If you simulate something with intrinsic dipole order — a ferroelectric, a polar slab — the tinfoil boundary condition has consequences: the long-range depolarisation field induced by periodic copies of the dipole is removed, which may or may not be what you want for the experimental setup you are modelling.

For polar slabs perpendicular to a periodic direction, the standard fix is a dipole correction: a triangular electric field added to cancel the macroscopic dipole. In LAMMPS this is kspace_modify slab 3.0 (the 3.0 sets the vacuum-to-slab ratio); in VASP LDIPOL and IDIPOL; in QE dipfield=.true. in &CONTROL.

Neighbour lists — how PBC interacts with the inner loop¶

The minimum-image convention is the geometric foundation; the algorithmic expression is the neighbour list. For each atom $i$, we maintain a list of all atoms $j$ within $r_\mathrm{cut} + r_\mathrm{skin}$ of $i$, including periodic images. The list is built periodically (every 10-20 steps) and used at each timestep to skip distant pairs.

Two algorithms dominate:

Cell list (linked-cell). Partition the simulation box into cells of side $\ge r_\mathrm{cut}$. Each atom is assigned to one cell. To find neighbours of atom $i$, scan only the 27 cells surrounding $i$'s cell (3D). Cost: $O(N)$ to build, $O(N\cdot M_\mathrm{neighbours\_per\_cell})$ to use.
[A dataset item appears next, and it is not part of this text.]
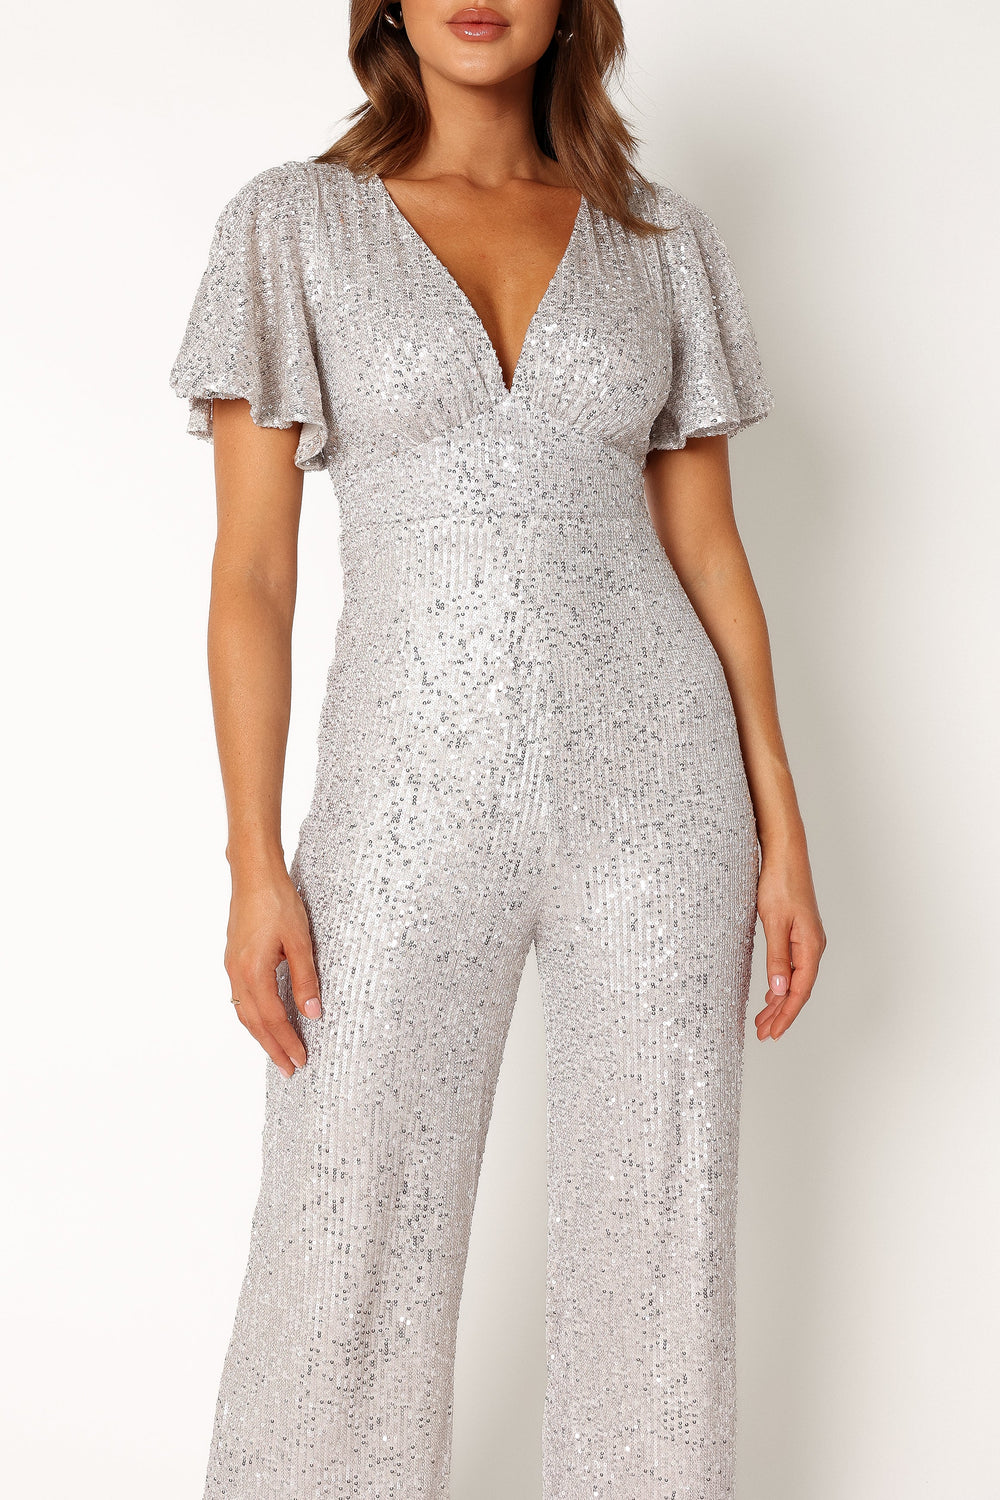 Petal and Pup USA Rompers Kiran Jumpsuit - Silver

Verlet list. For each atom, store explicitly the indices of nearby atoms. Built from a cell list. Cost: $O(N)$ to build, $O(N\cdot Z)$ to use where $Z$ is the average coordination.
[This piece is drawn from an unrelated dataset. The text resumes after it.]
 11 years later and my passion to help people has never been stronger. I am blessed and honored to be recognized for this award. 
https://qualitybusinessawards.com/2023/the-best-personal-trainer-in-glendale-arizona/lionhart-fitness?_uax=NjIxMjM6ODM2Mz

LAMMPS uses both: cell list to find candidates, Verlet list to store the result. The neighbor 2.0 bin command sets a 2.0 Å skin: atoms within $r_\mathrm{cut} + 2.0$ Å are kept in the list. The skin is rebuilt only when an atom has moved more than skin/2 since the last rebuild — checked every neigh_modify every N steps.

A practical consequence: the cell size $r_\mathrm{cut} + r_\mathrm{skin}$ must be less than $L_\mathrm{perp}/2$ for the minimum-image convention to apply within neighbour search. If your cell is small, LAMMPS uses Newton's third law to fold pair forces back to a single computation per pair, but the geometry still requires the cell-size constraint.

What we have¶

We can now integrate atoms in time (§7.1) inside a topologically toroidal cell that mimics an infinite material (this section). What we cannot yet do is set the temperature or pressure — the equations are still pure Newton, which conserves energy and volume. Adding control over thermodynamic variables is §7.3.